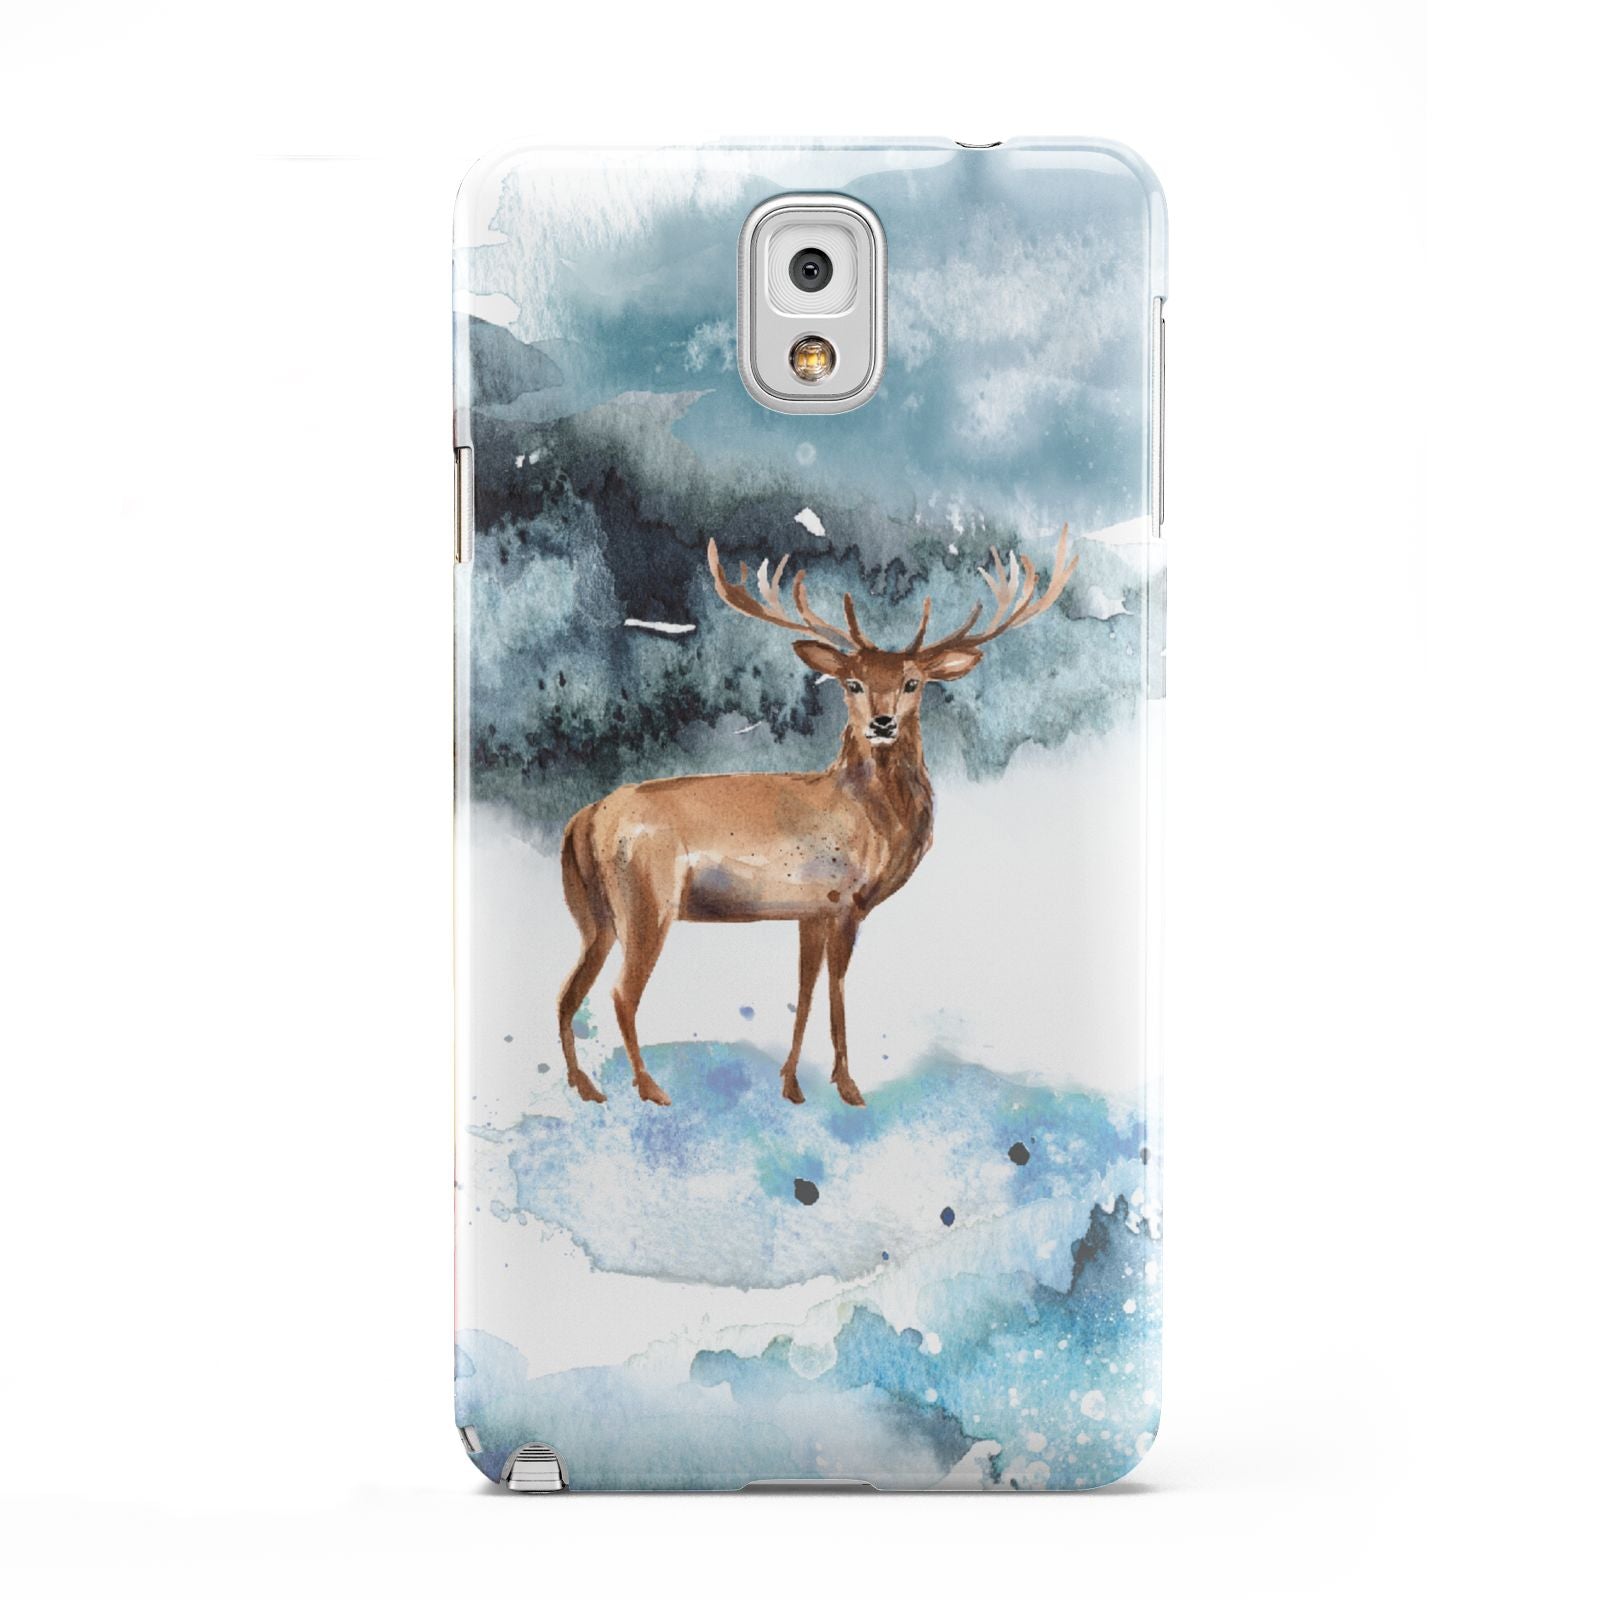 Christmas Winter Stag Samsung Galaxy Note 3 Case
--
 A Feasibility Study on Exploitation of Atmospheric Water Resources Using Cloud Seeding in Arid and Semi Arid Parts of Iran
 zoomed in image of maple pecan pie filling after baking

▶ [What the task requires] What do the lines above say from the one containing "A Feasibility Study" down to the one containing "zoomed in image"? Return them exactly, both end lines included, and only them.

▶ [Exercise answer]
 A Feasibility Study on Exploitation of Atmospheric Water Resources Using Cloud Seeding in Arid and Semi Arid Parts of Iran
 zoomed in image of maple pecan pie filling after baking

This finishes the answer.